Problem requirements: Under this line are records; the part from the line containing "薛继业高仿微喷版画《草莓001》" through the line containing "Department of Visual" should be repeated exactly. Please exclude pictures.

Record excerpts:
● ● ● ● ● ● ●
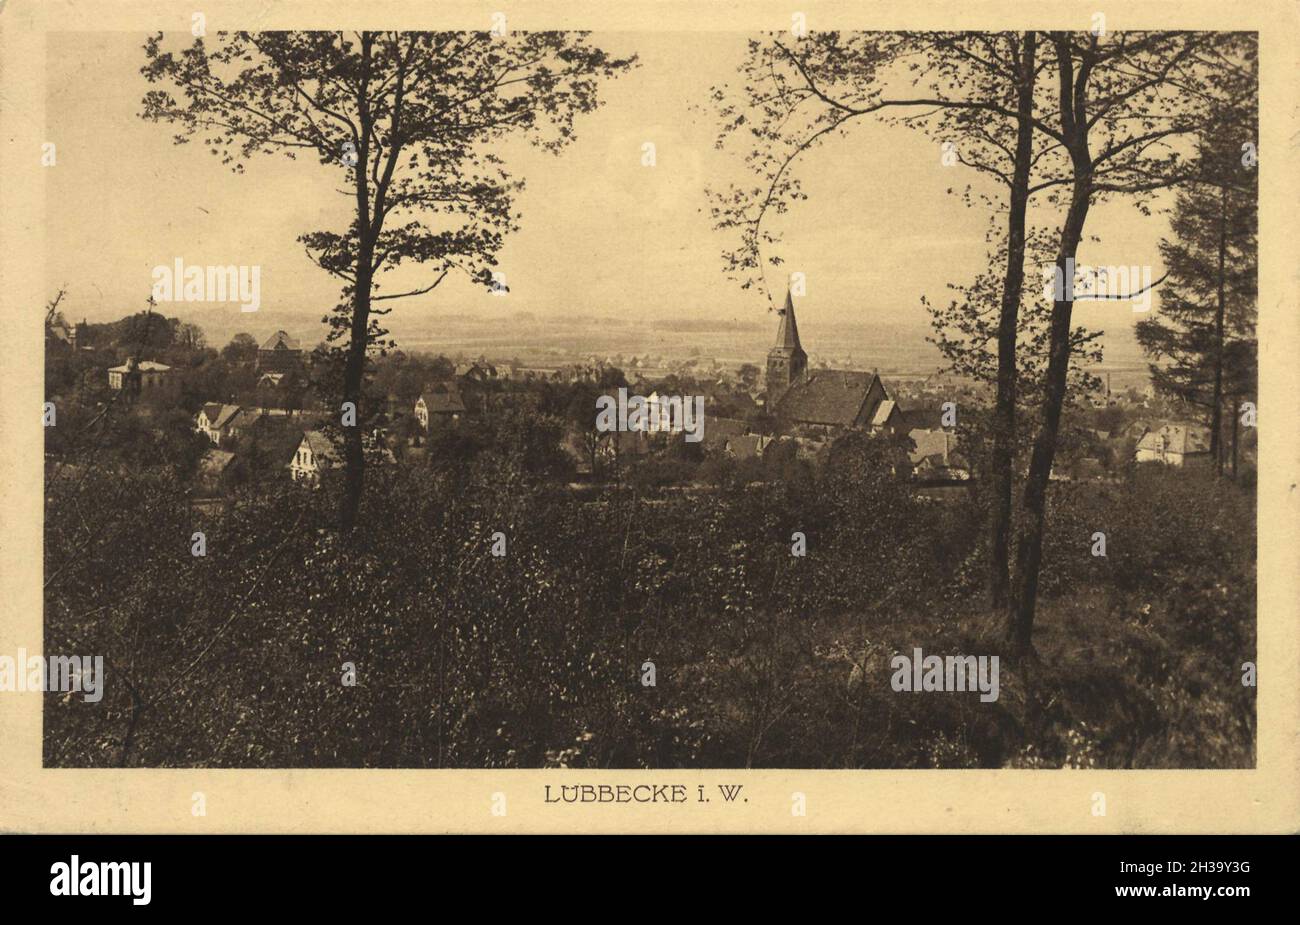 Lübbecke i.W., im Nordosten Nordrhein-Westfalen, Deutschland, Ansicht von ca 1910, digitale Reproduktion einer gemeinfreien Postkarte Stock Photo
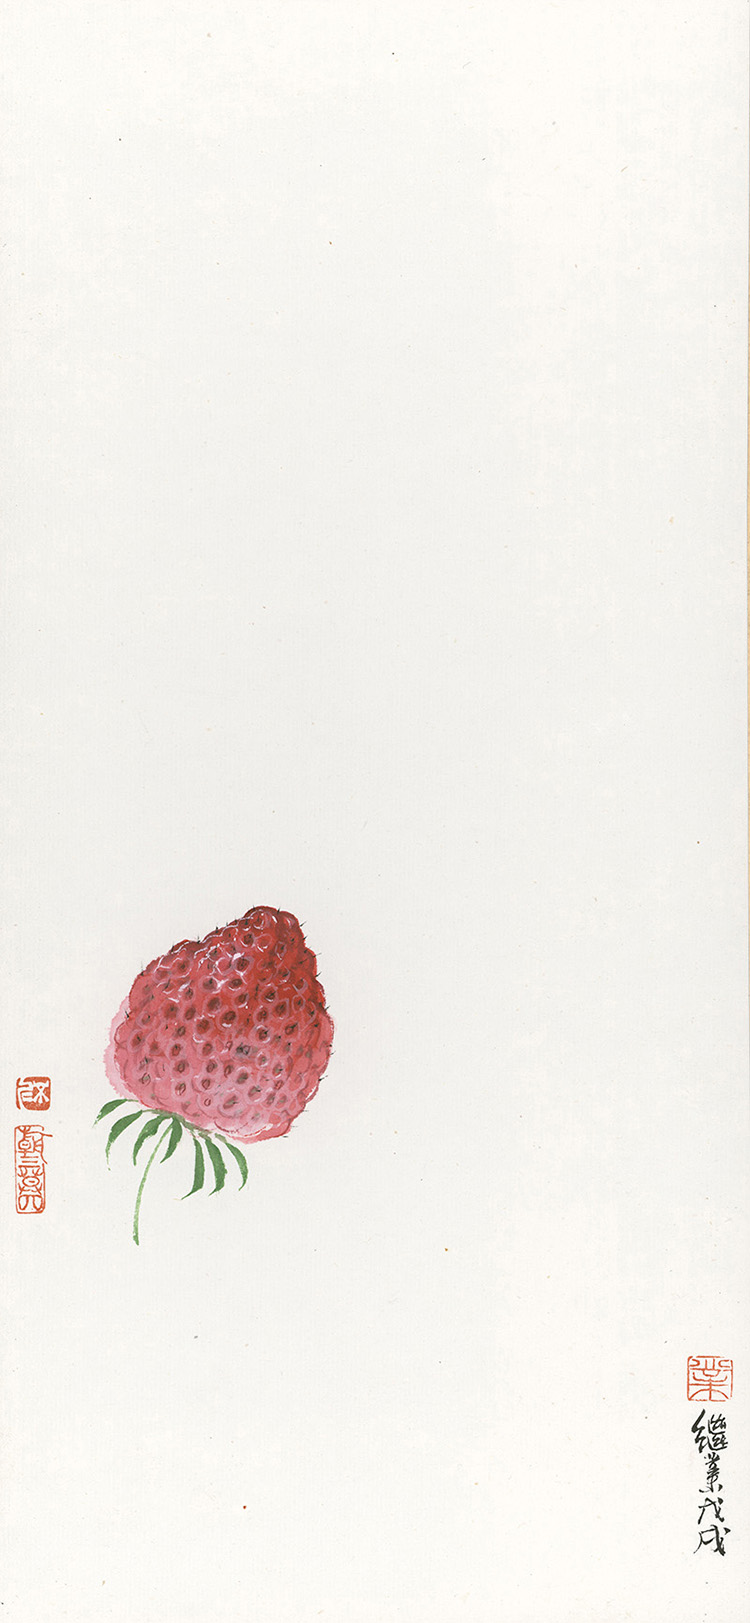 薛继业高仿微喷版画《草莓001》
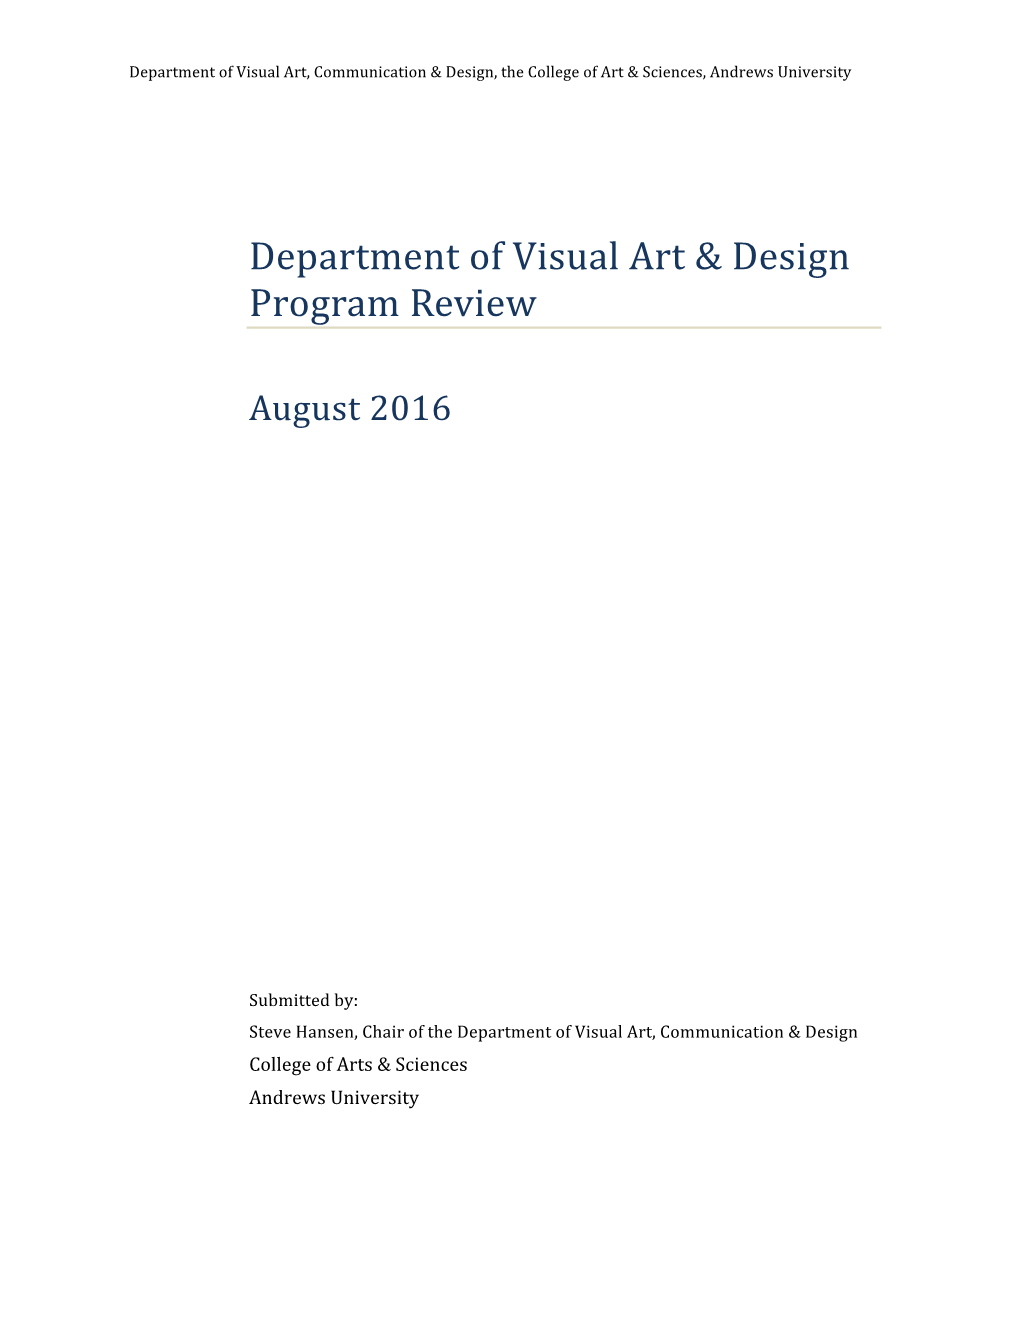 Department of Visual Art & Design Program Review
● ● ● ● ● ● ●
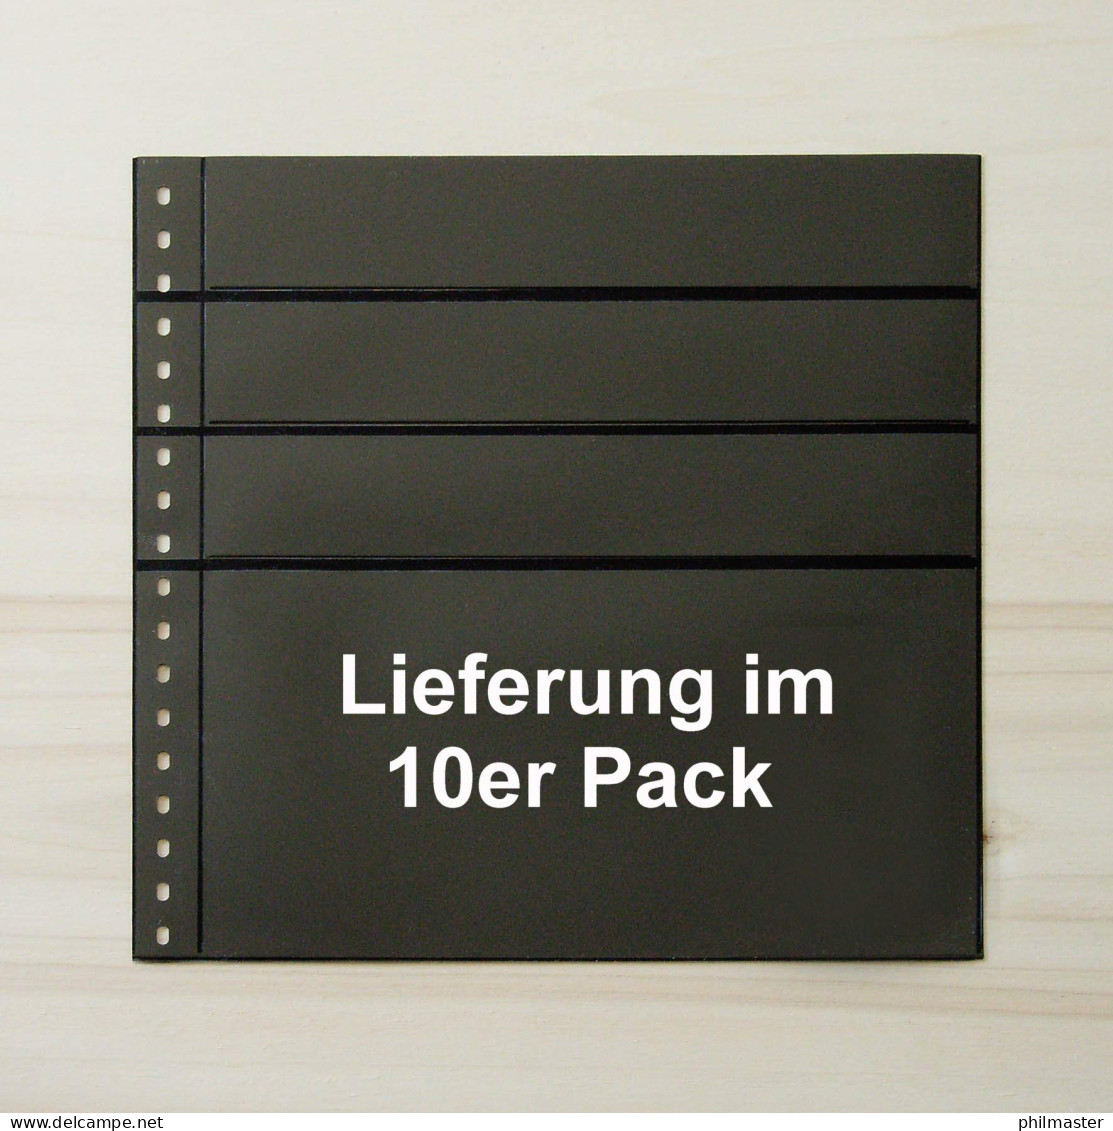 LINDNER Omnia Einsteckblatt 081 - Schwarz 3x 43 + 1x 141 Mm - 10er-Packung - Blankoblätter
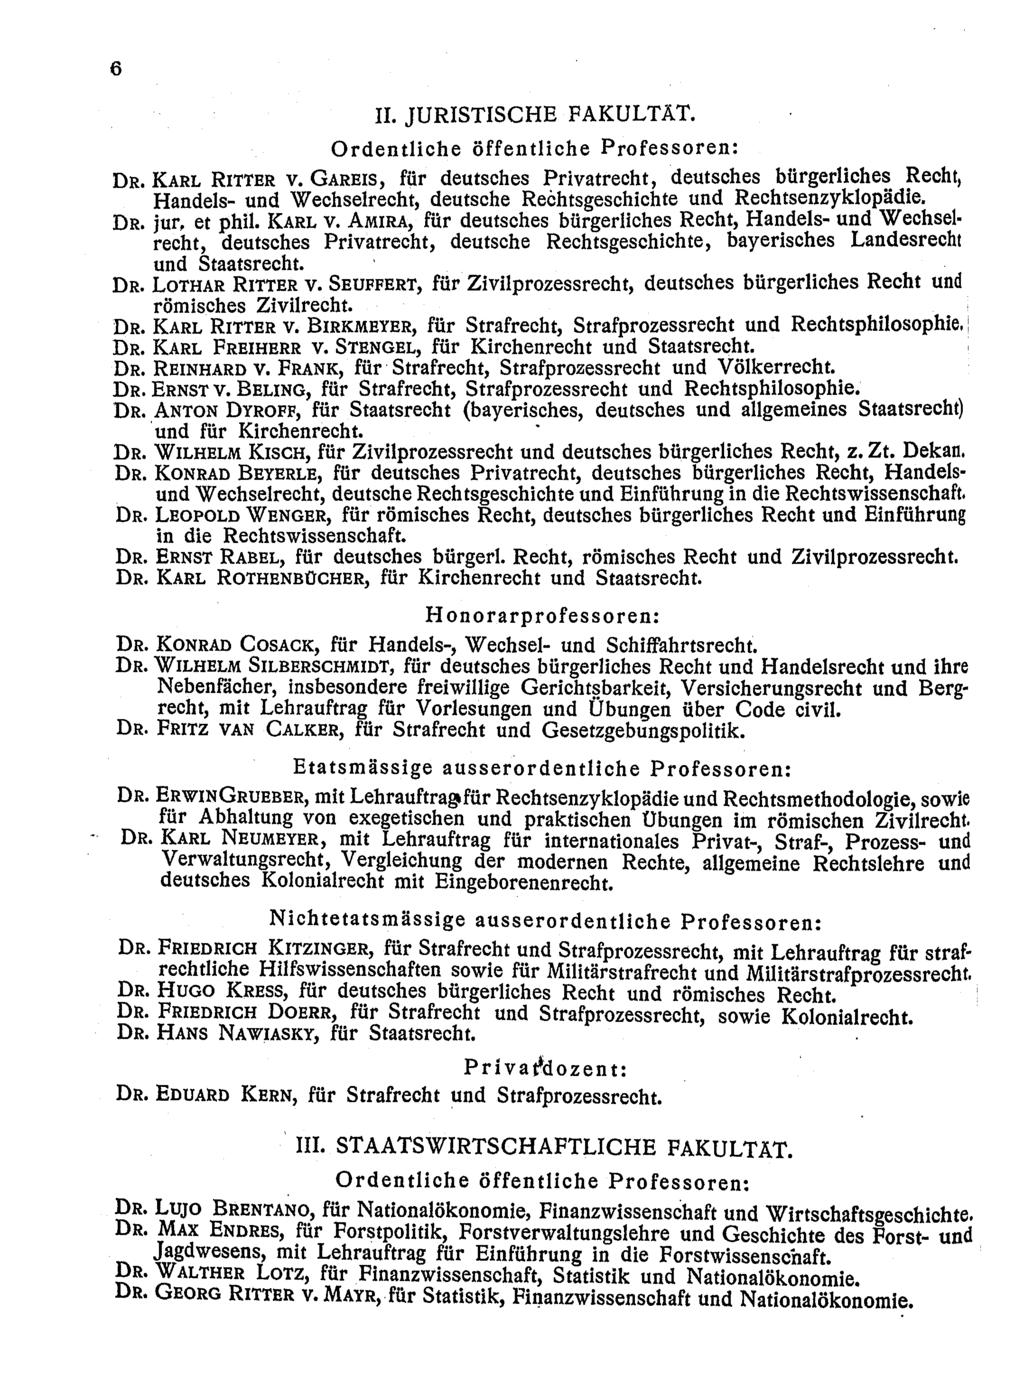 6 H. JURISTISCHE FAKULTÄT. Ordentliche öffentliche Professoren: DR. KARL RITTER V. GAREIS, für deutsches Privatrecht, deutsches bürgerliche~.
● ● ● ● ● ● ●
Problem solution:
 薛继业高仿微喷版画《草莓001》
 Department of Visual Art & Design Program Review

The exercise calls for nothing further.